-- THE PROBLEM --
Once the line holding "24 inch WAOWAO multicolor hardside luggage" is found in the entries below, transcribe exactly every line up to and including the one holding "EAU DE GAGA", but leave out the pictures.

-- SOURCE RECORDS --
<<<<

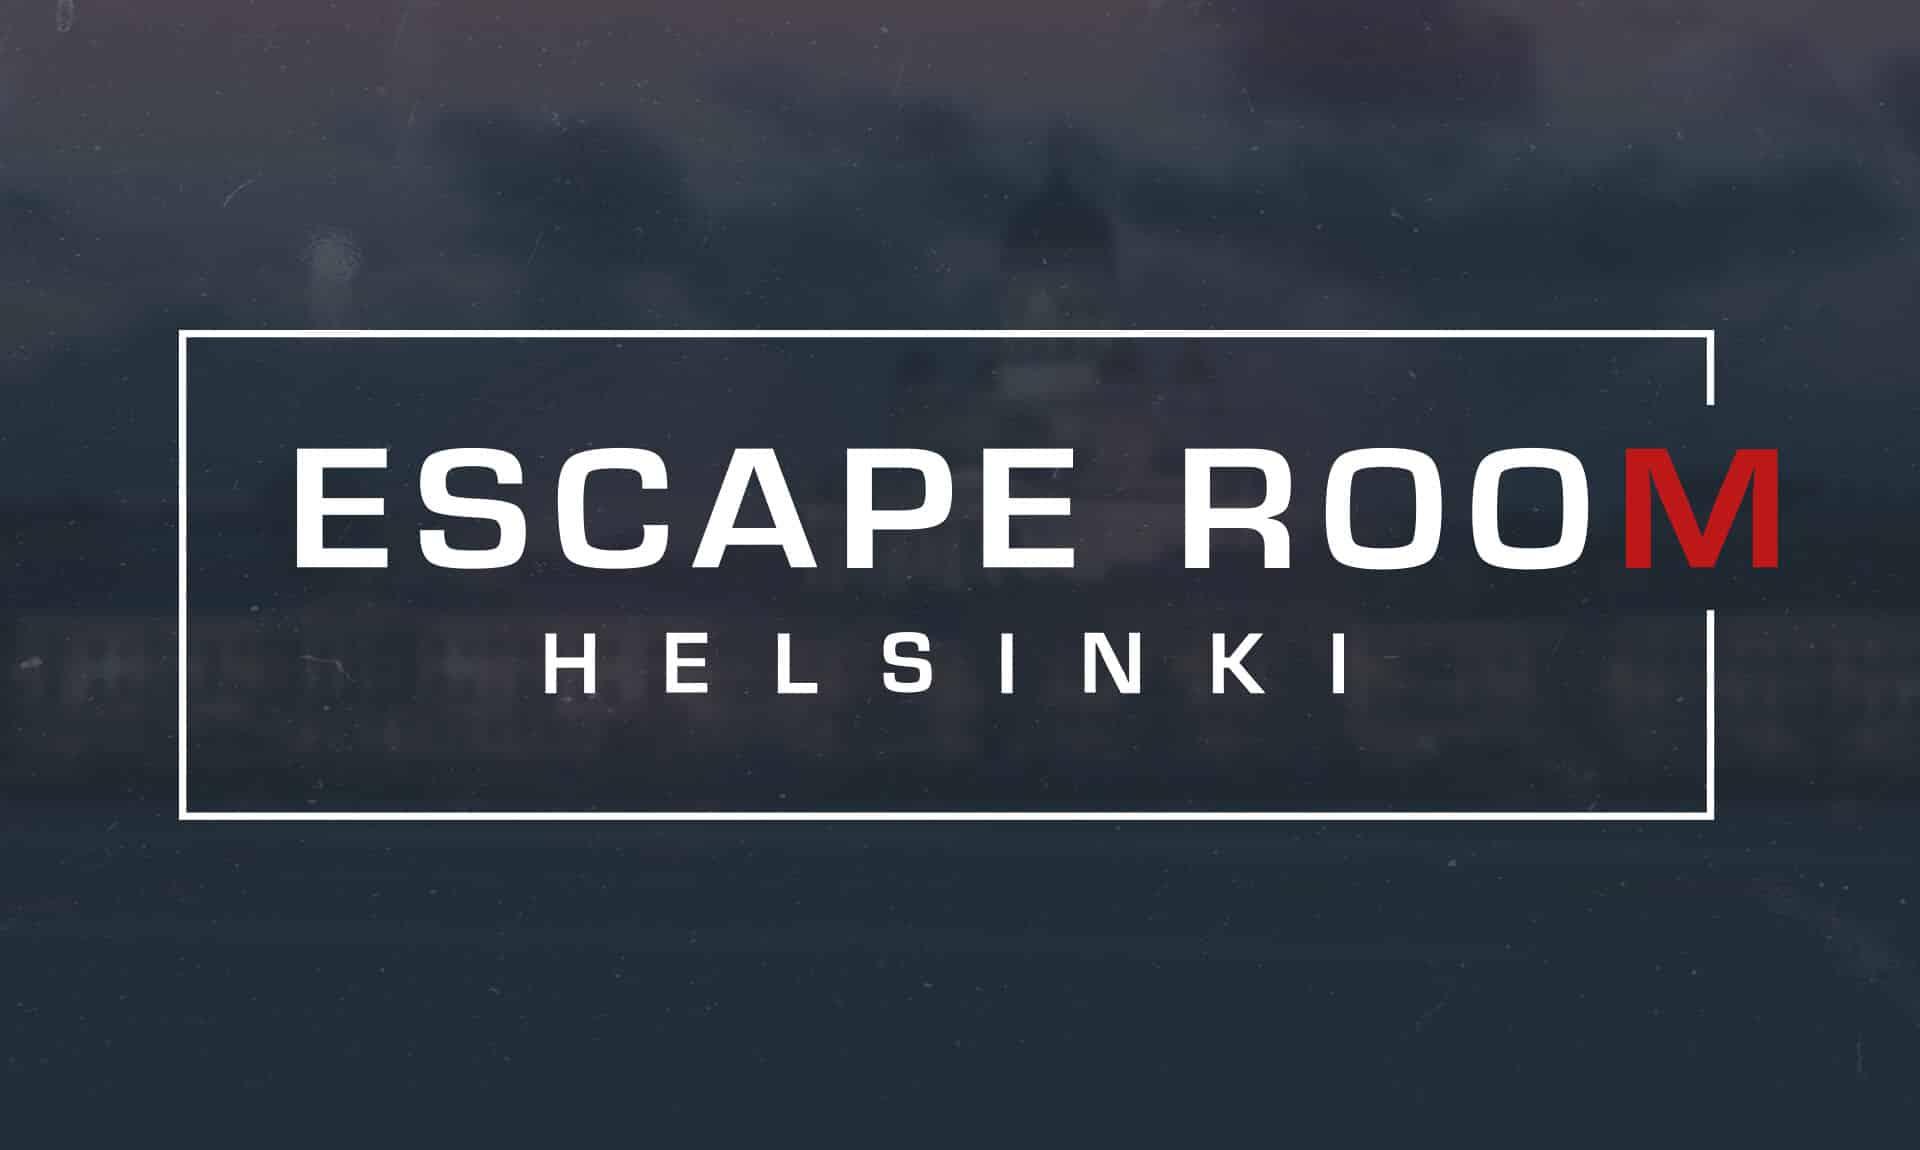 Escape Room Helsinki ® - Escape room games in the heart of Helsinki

>>>>
<<<<

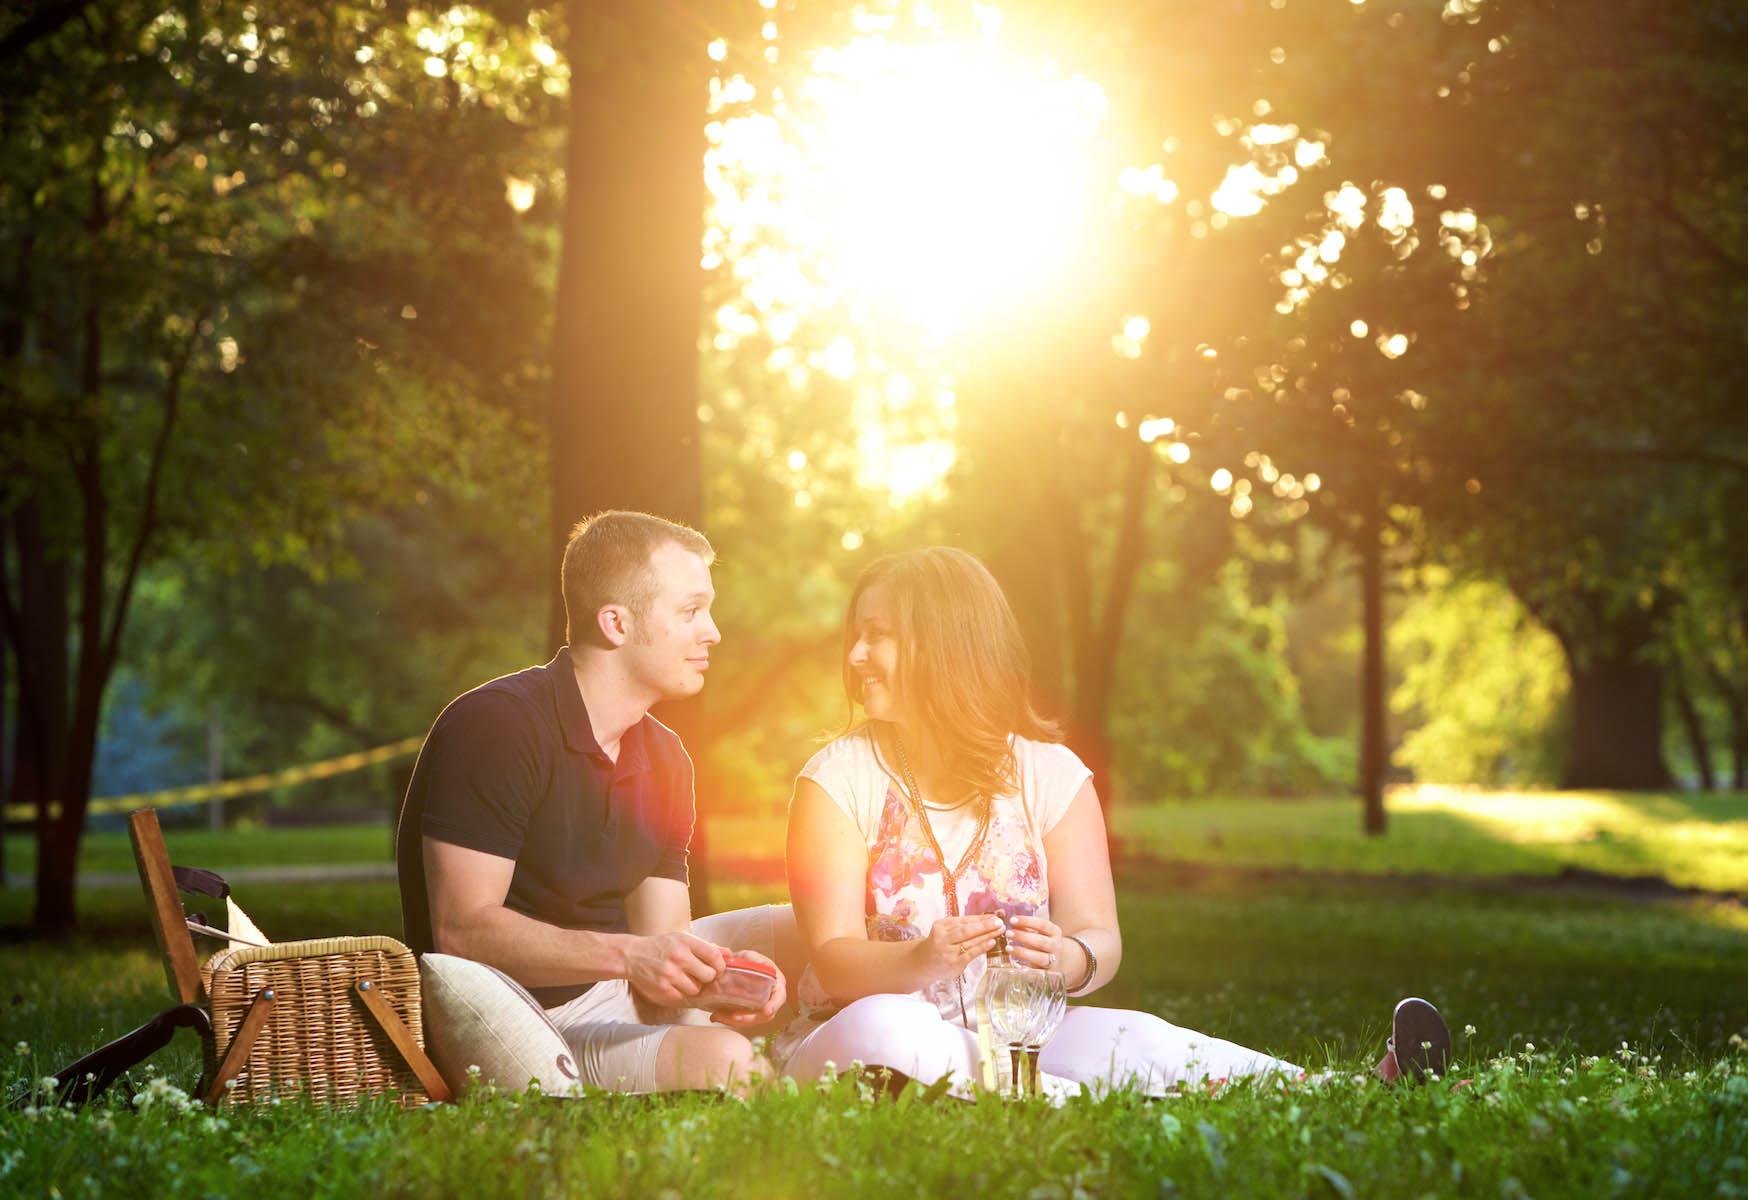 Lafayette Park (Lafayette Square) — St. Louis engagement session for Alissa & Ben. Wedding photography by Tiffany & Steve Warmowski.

>>>>
<<<<

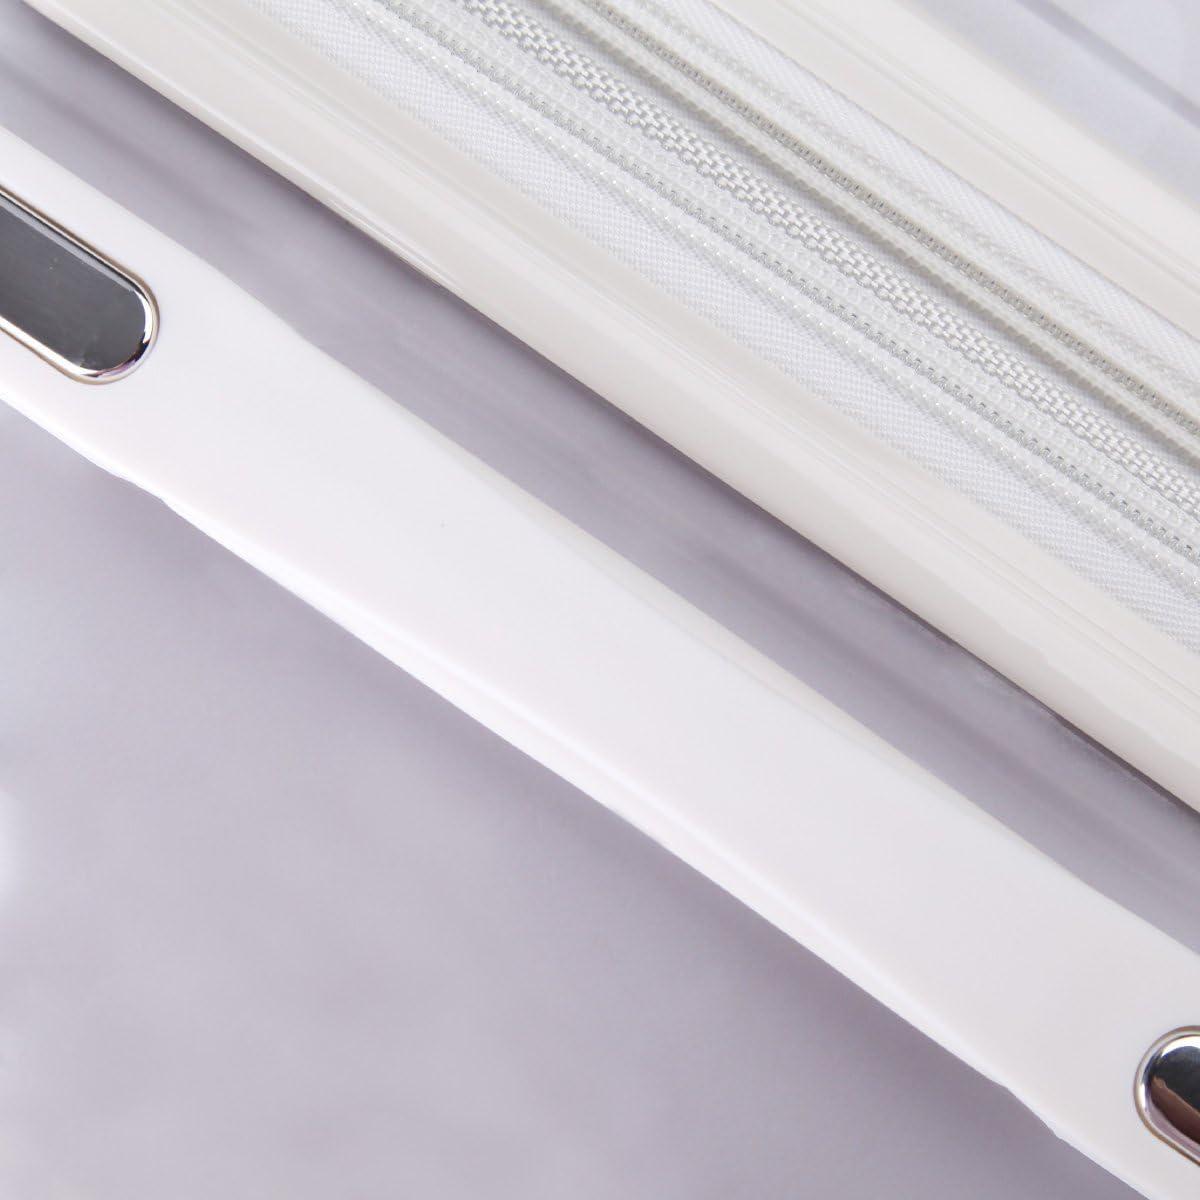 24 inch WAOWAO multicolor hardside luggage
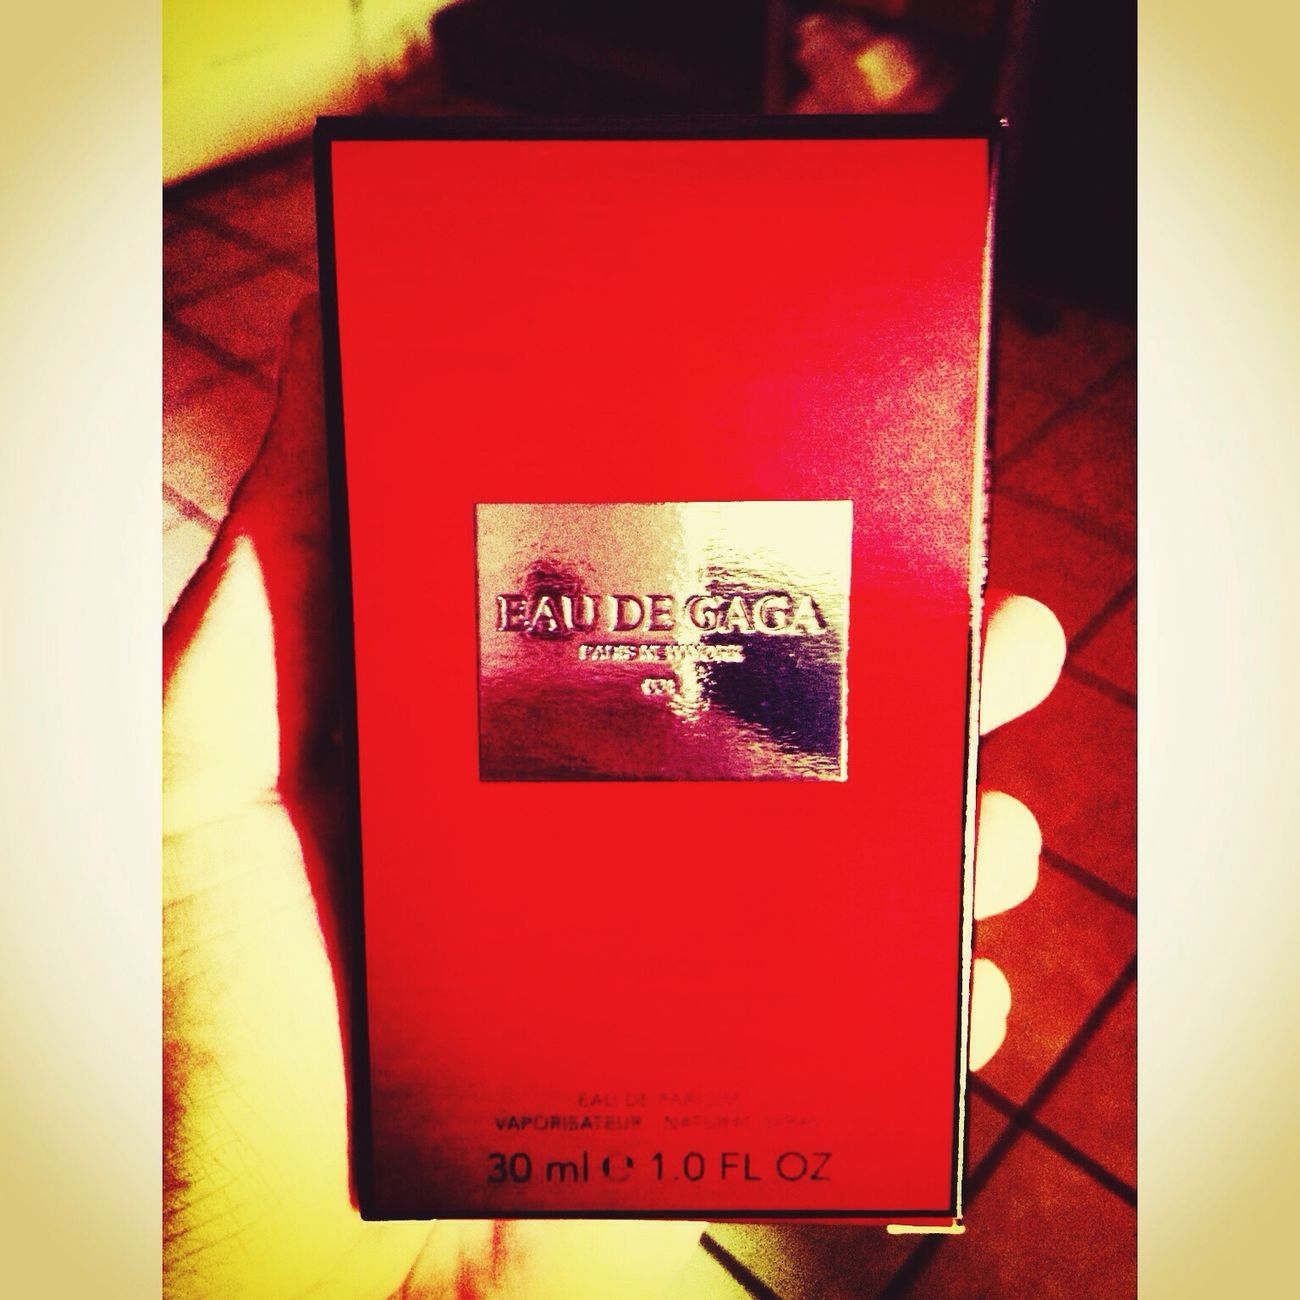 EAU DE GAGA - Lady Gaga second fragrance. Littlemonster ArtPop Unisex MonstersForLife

>>>>

-- TASK SOLUTION --
 24 inch WAOWAO multicolor hardside luggage
 EAU DE GAGA - Lady Gaga second fragrance. Littlemonster ArtPop Unisex MonstersForLife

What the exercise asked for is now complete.